Follow up for problem "Populating Next Right Pointers in Each Node".
What if the given tree could be any binary tree? Would your previous solution still work?
Note:
- You may only use constant extra space.
For example,
Given the following binary tree,
1
/ \
2 3
/ \ \
4 5 7
After calling your function, the tree should look like:
1 -> NULL
/ \
2 -> 3 -> NULL
/ \ \
4-> 5 -> 7 -> NULL
这道题和上一道题的区别在于,上一道的树是满二叉树,这一个并不是。
还是先使用队列做了一次,ac但是速度并不是很快。
/**
* Definition for binary tree with next pointer.

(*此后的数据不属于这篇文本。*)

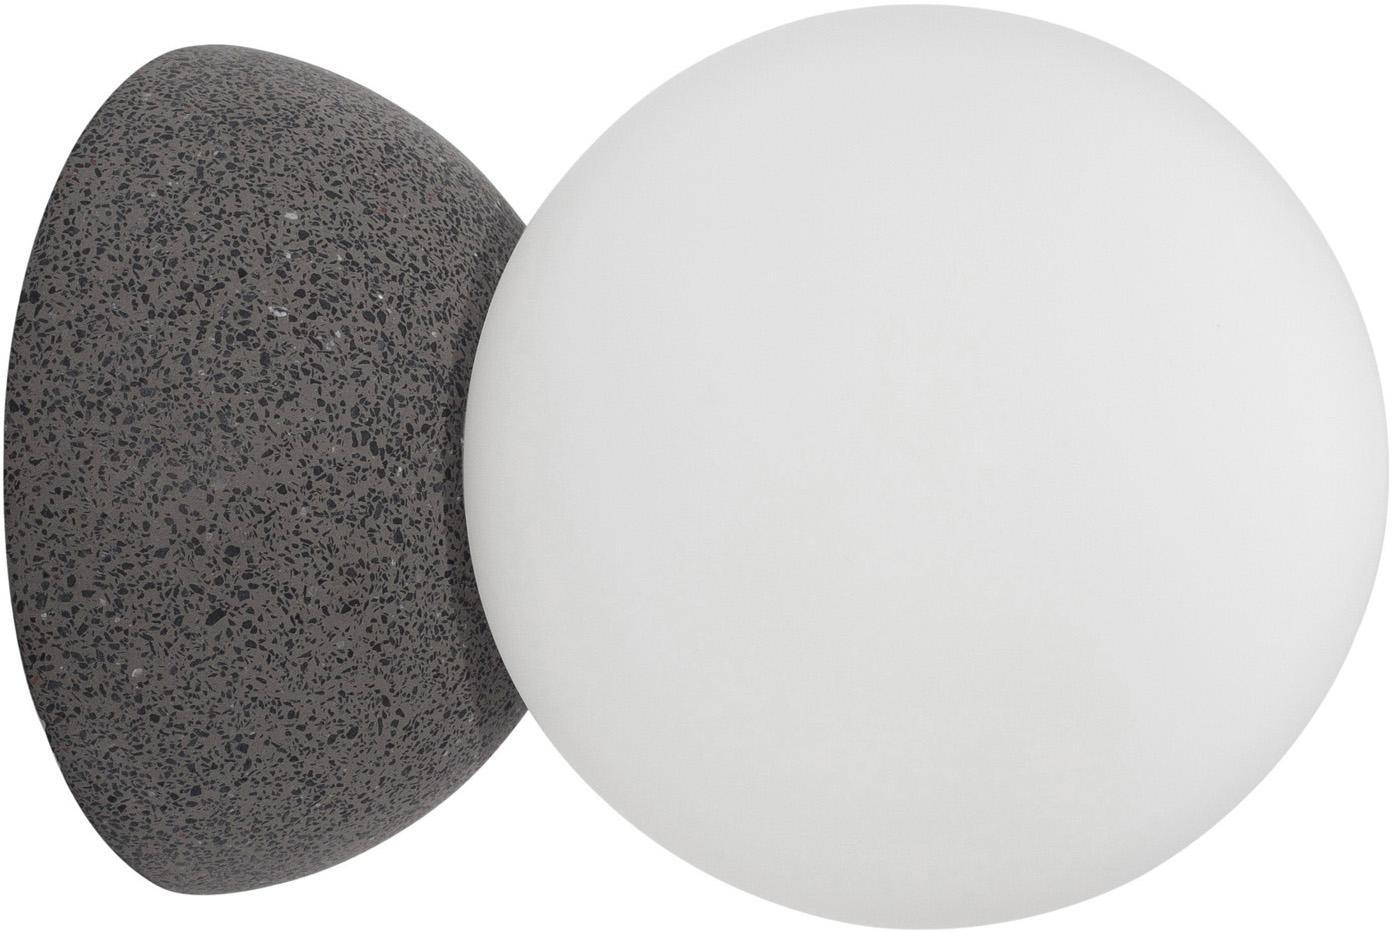 Kinkiet ze szkła opałowego Zero, Szary, biały, Ø 10 x G 14 cm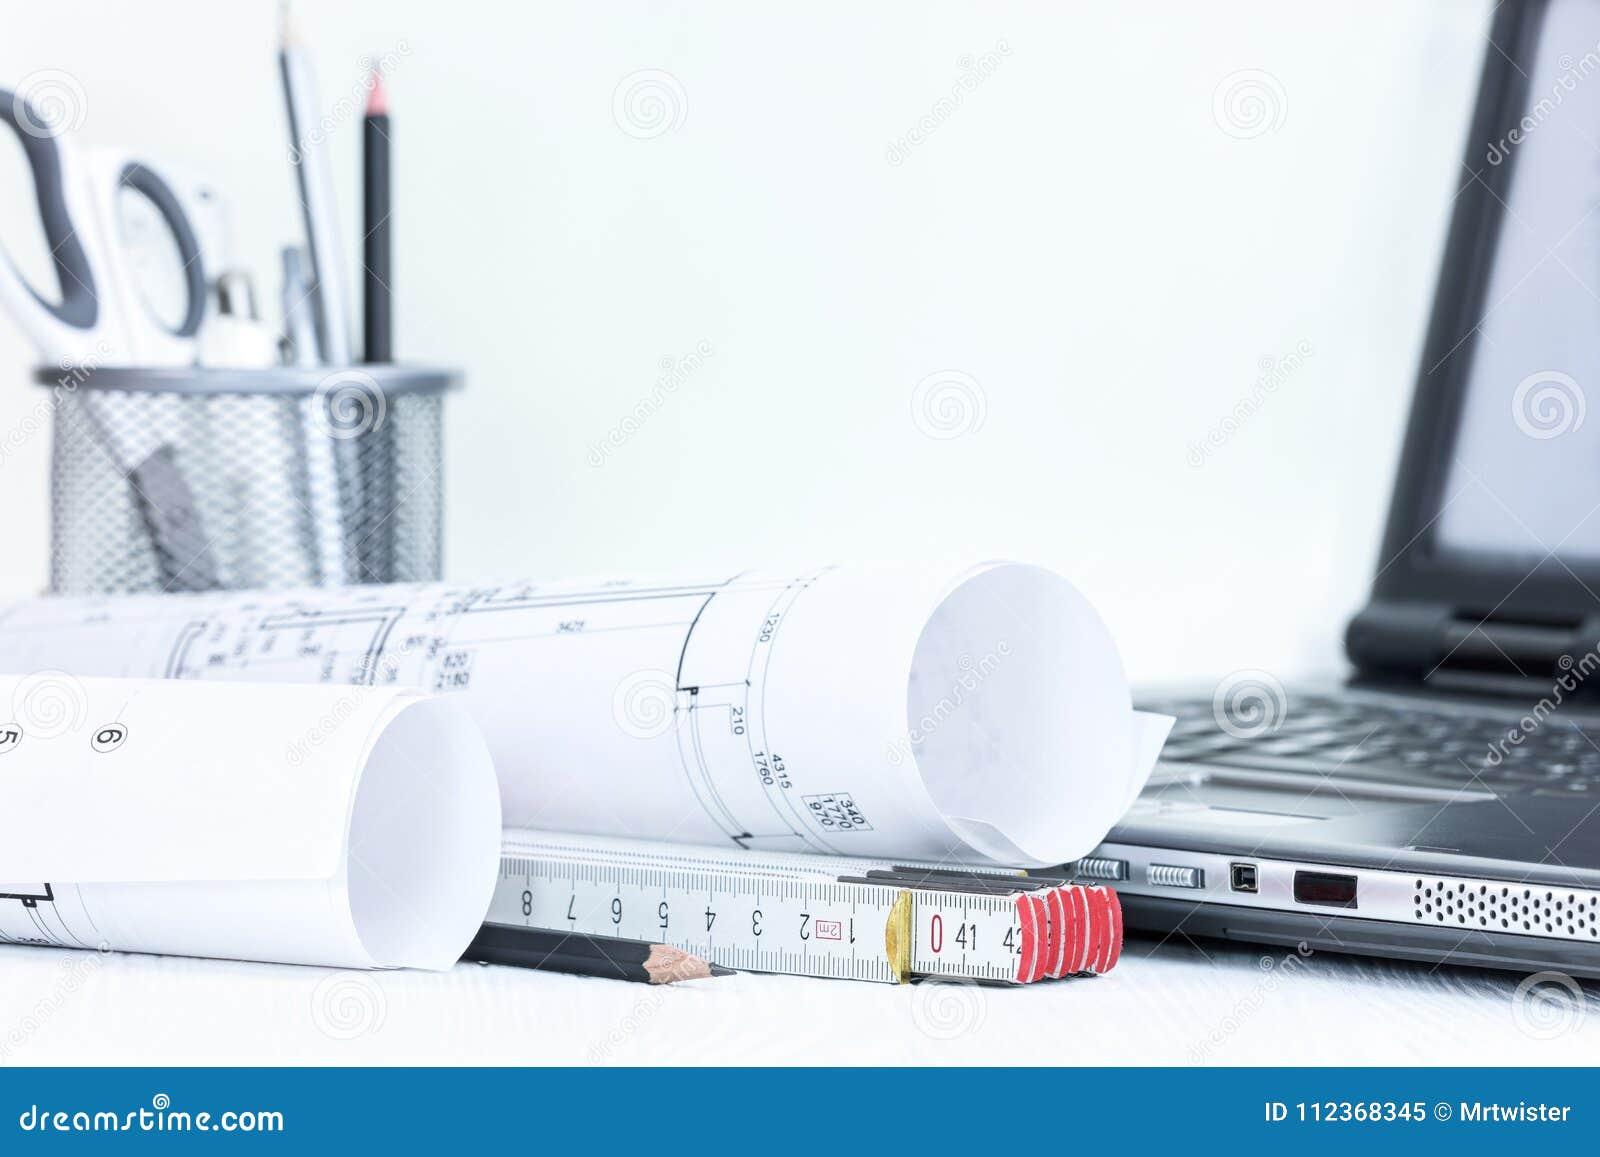 La Construccion Blueprints La Medicion Y Las Herramientas De Dibujo

* public class TreeLinkNode {
* int val;
* TreeLinkNode left, right, next;
* TreeLinkNode(int x) { val = x; }
* }
*/
public class Solution {
public void connect(TreeLinkNode root) { if( root == null )
return ; Queue queue = new LinkedList<TreeLinkNode>(); queue.add(root); while( !queue.isEmpty() ){ int size = queue.size();
TreeLinkNode node1 = (TreeLinkNode) queue.poll();
if( node1.left != null )
queue.add(node1.left);
if( node1.right != null)
queue.add(node1.right);
if( size == 1)
continue;
TreeLinkNode node2 = (TreeLinkNode) queue.poll();
if( node2.left != null )
queue.add(node2.left);
if( node2.right != null)
queue.add(node2.right);
for( int i = 2;i<size;i++){
node1.next = node2;
node1 = node2;
node2 = ( TreeLinkNode ) queue.poll();
if( node2.left != null )
queue.add(node2.left);
if( node2.right != null)
queue.add(node2.right);
}
node1.next = node2;
} }
}
但是题目中要求是常数空间。
所以还需要修改。
记录上一行的开始和下一行的开始,然后依次改变next。
/**
* Definition for binary tree with next pointer.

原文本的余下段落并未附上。